2. Validasi metode analisis
Validasi metode analisis dapat diarikan sebagai suatu prosedur yang
digunakan untuk membuktikan bahwa metode analisis tersebut dapat memberikan
hasil seperti yang diharapkan dengan kecermatan dan ketelitian yang memadai
(Mulja dan Suharman, 1995). Menurut Harmita (2004), validasi metode analisi
adalah suatu tindakan penilaian terhadap parameter tertentu, berdasarkan
percobaan laboratorium untuk membuktikan bahwa parameter tersebut memenuhi
persyartan untuk penggunaannya.
Adapun parameter-parameter yang digunakan sebagai pedoman metode
analisis adalah:
a. Akuras. Akurasi atau kecermatan adalah ukuran yang menunjukan derajat
kedekatan hasil analit dengan kadar analit yang sebenarnya. Akurasi
dinyatakan sebagai persen perolehan kembali (recovery) analit yang ditambahkan (Harmita, 2004).
Tabel III. Perolehan kembali menurut Horwitz dan AOAC (Gonzalez danHerrador, 2007)
b. Presisi. Persisi merupakan ukuran yang menunjukkan tingkat kesesuaian antara
hasil uji individual, diukur melalui penyebaran hasil individual dari rata-rata
jika prosedur ditetapkan secara berulang pada sampel yang diambil dari
campuran yang homogen. Suatu metode memiliki presisi yang baik apabila
memiliki nilai % RSD < 2%. Namun tergantung dari sampel dan kondisi analit
(Harmita, 2004)
Tabel IV . Batas % RSD menurut Horwitz dan AOAC (Gonzalez dan Herrador 2007)
c. Linearitas dan rentang. Linearitas merupakan kemampuan suatu metode (pada
rentang tertentu) untuk mendapatkan hasil uji yang secara langsung
proporsional dengan konsentrasi (jumlah) analit di dalam sampel. Rentang
adalah jarak antara level terbawah dan teratas dari metode analisis yang telah
dipakai untuk mendapatkan presisi, linearitas, dan akurasi yang bisa diterima
memenuhi koefisien kolerasi (r) >0,99 atau r2≥ 0,997 (Chan, Lee, Herman, dan Xue, 2004).

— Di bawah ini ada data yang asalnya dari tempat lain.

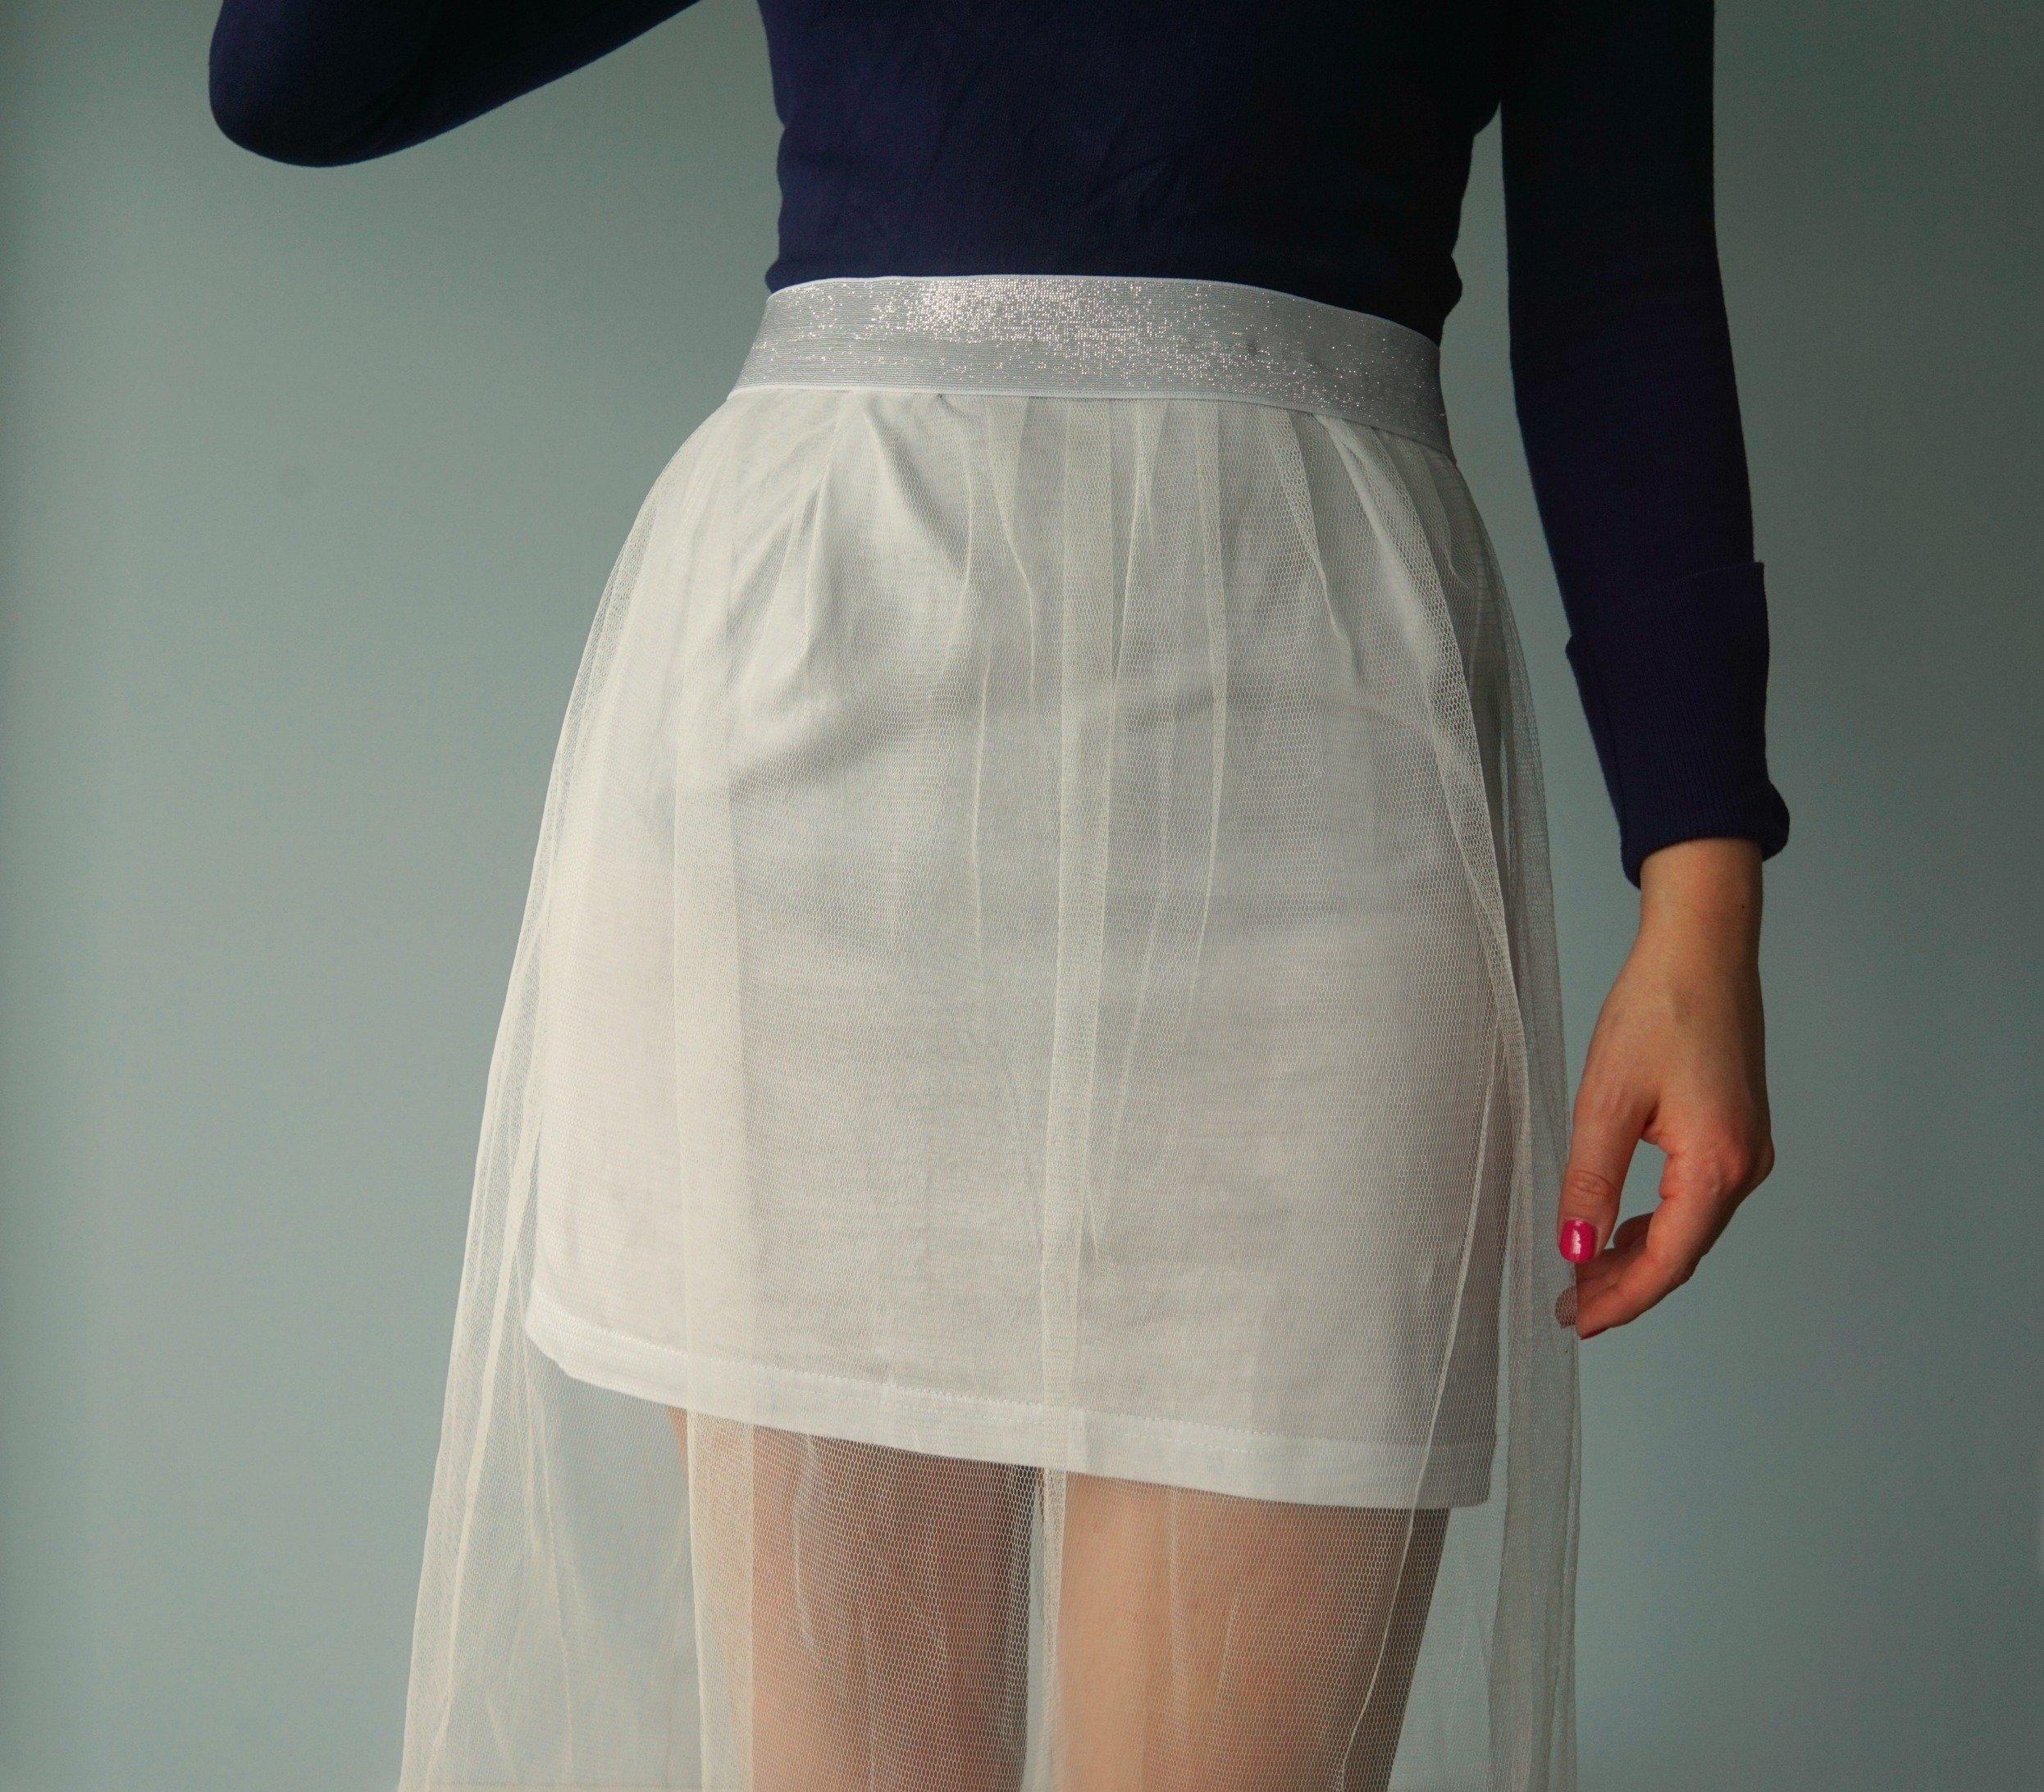 DIY Long Tulle Skirt {no math involved}
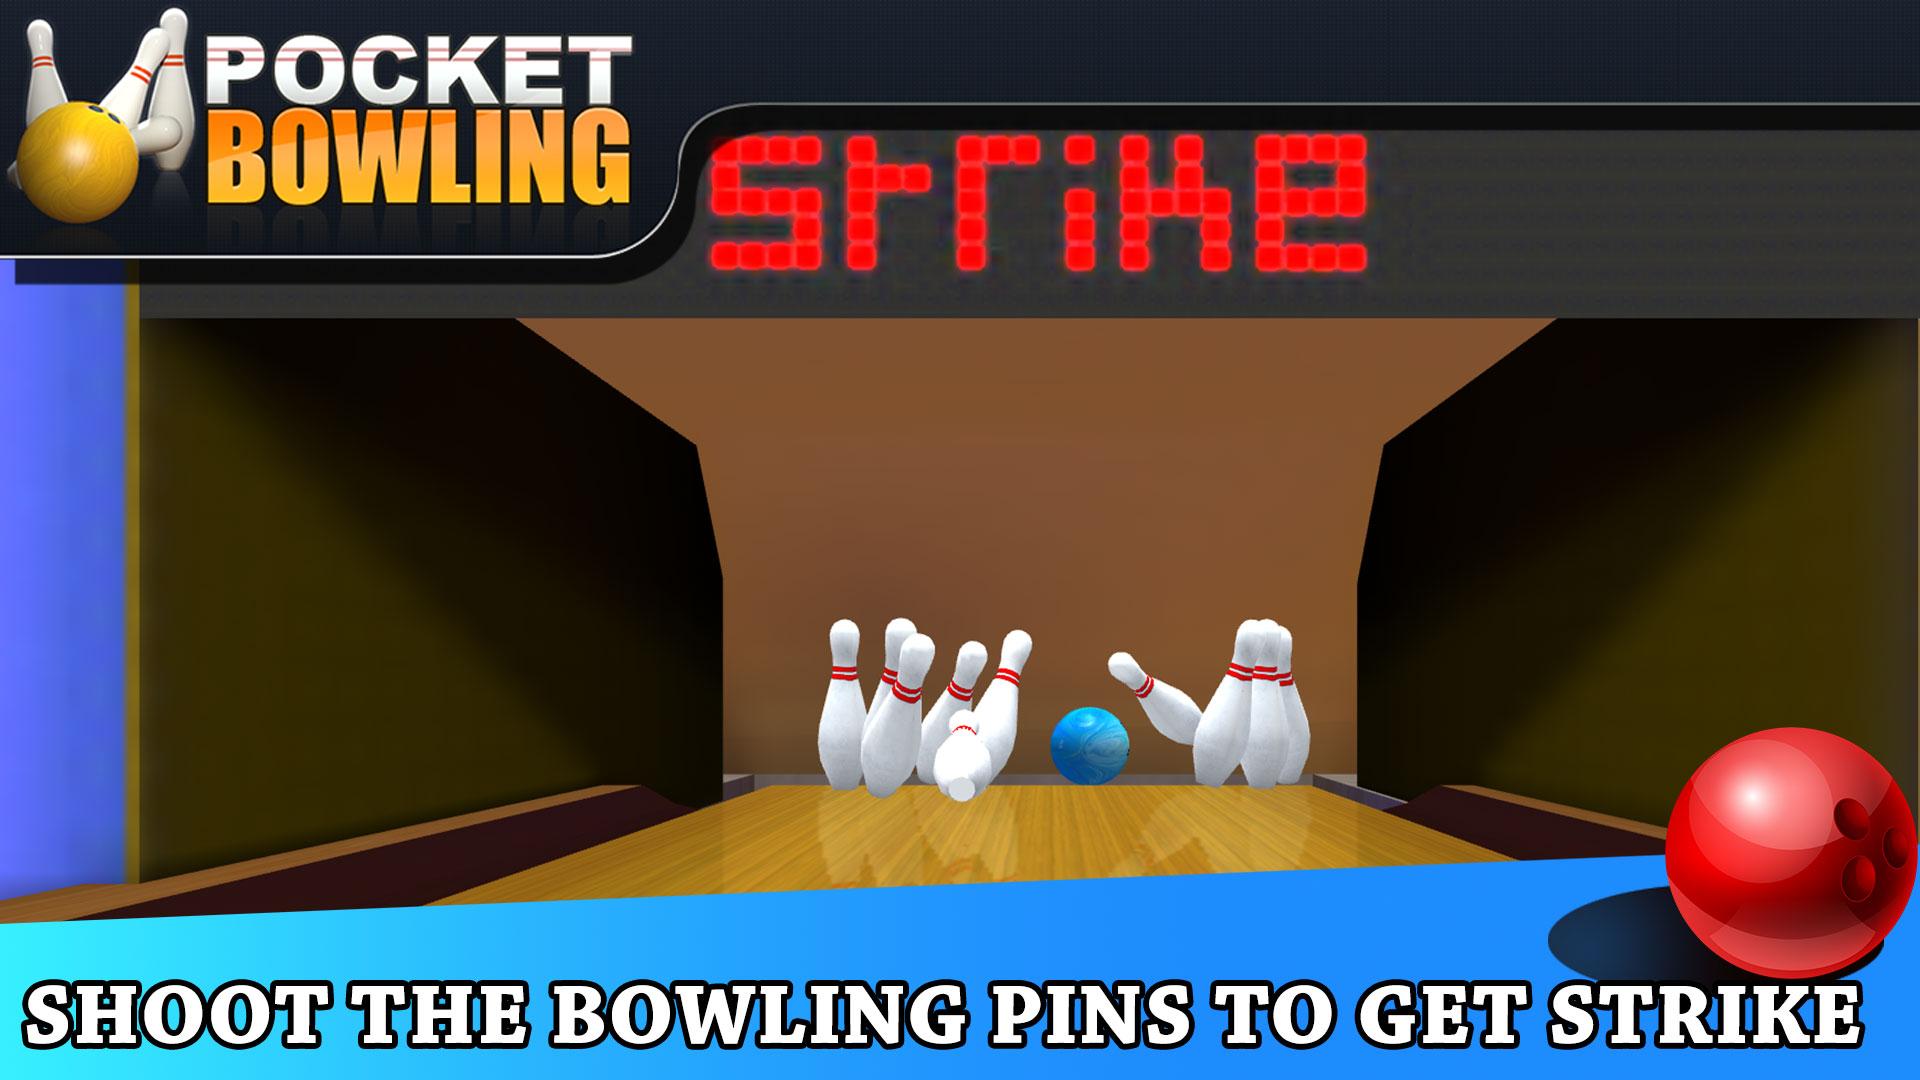 Pocket Bowling 3D for TV screenshot 4

d. LOD (Limit of Detection) dan LOQ (Limit of Quantitation). Limit of Detection
adalah jumlah terkecil analit dalam sampel yang dapat dideteksi dan masih
memberikan respon signifikan dibandingkan dengan blangko. Limit of quantitation adalah konsentrasi atau jumlah analit terkecil yang dapat dikuantifikasi dengan presis dan akurasi yang cocok. Limit of quantitation
merupakan parameter kuantitatif untuk analit dalam suatu matriks dengan
konsentrasi kecil dan digunakan untuk menentukan jumlah pengotor atau
jumlah sampel yang terdegradasi (Chan, Lee, Herman, dan Xue, 2004).